3. Use your breath to help you recover, quicker
Why it works:
After an intense workout, your body might need help transitioning from that active state to a more restful one. Consciously slowing down your breathing and adding some breath holds is an efficient way to help your sympathetic nervous system (that fight-or-flight response) take a break and allow your parasympathetic nervous system (the rest and digest response) to call the shots.
Holding your breath after exhaling can also help you recover quicker by slowing your breath – increasing oxygenation and enhancing blood flow.
Try it today:
You can do this walking, sitting, standing or lying. Just get comfortable after your workout. Take three breaths in through the nose and out from the mouth.
Then switch to nasal breathing. Gently breathing in and out – on the exhale, let your breath just run out and pause for five seconds.
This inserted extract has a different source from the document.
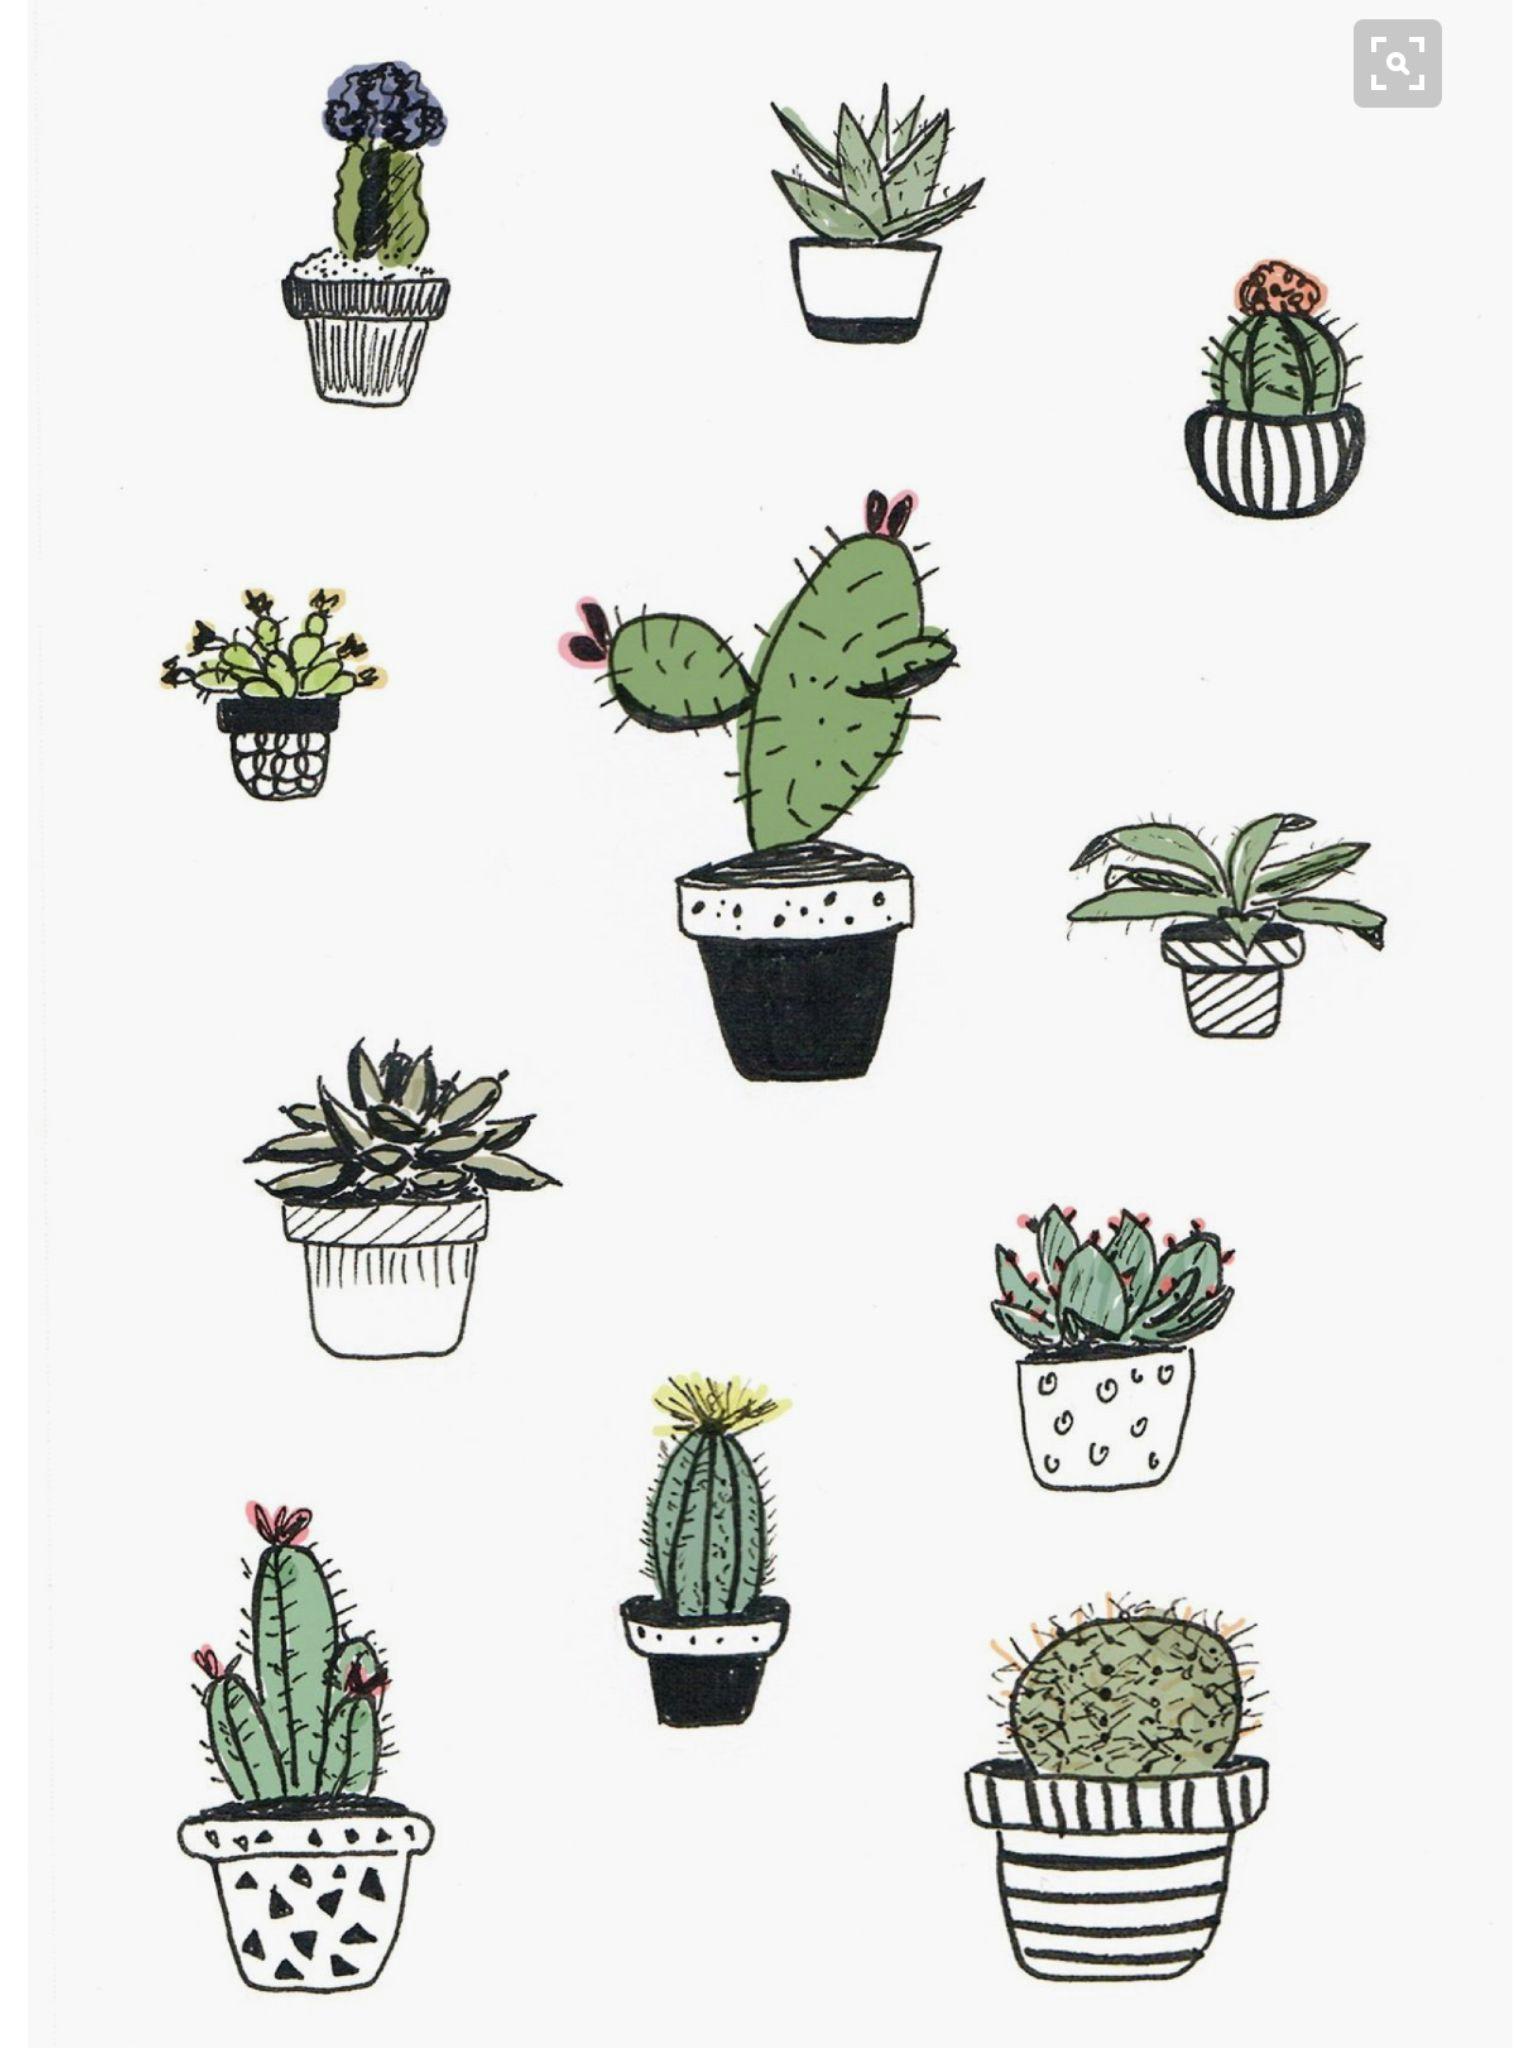 cute iphone wallpaper tumblr iphone wallpaper plants cute wallpapers cactus drawing plant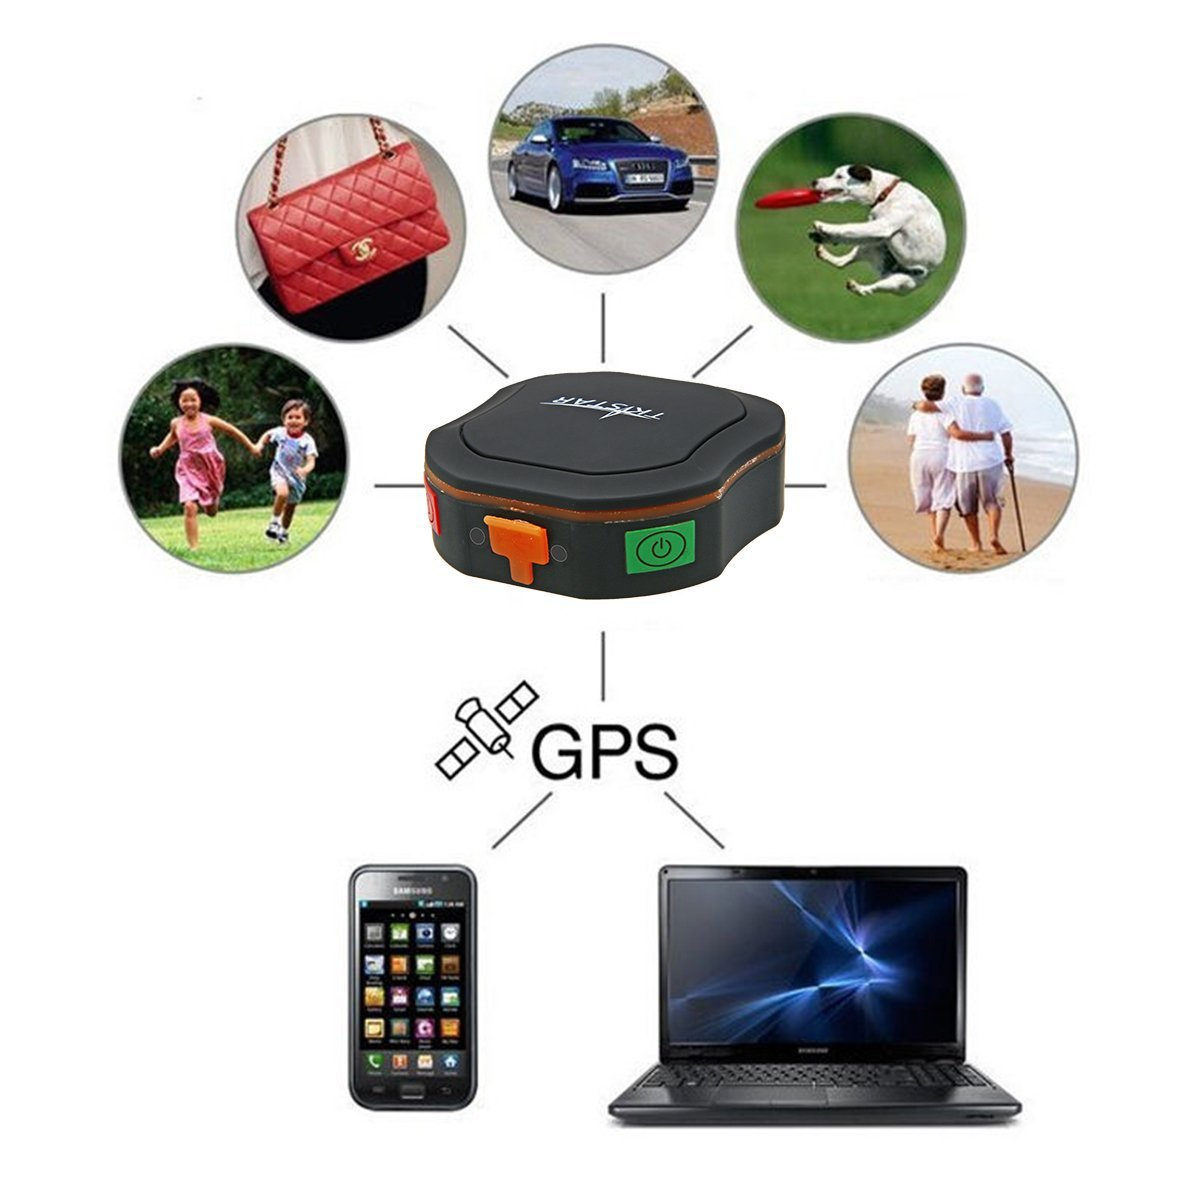 mini auto berwachung gprs gps kfz kinder echtzeit tracker. Black Bedroom Furniture Sets. Home Design Ideas

Breathe normally for two breaths.
This time, try the breath hold again on the exhale. As you hold, imagine a lift moving down from the top of your head down to the base of your pelvis. Allow the pause to be a sense of relief.
Breathe normally for two breaths. Repeat this twice more.
You’ll hopefully notice that your breath begins naturally slowing down and you're already transitioning into that more restful state.
You can also use this technique if you’re having an anxiety or panic attack. Holding your breath may feel like the last thing you want to do, but it can really help you control your breath and oxygenate your body.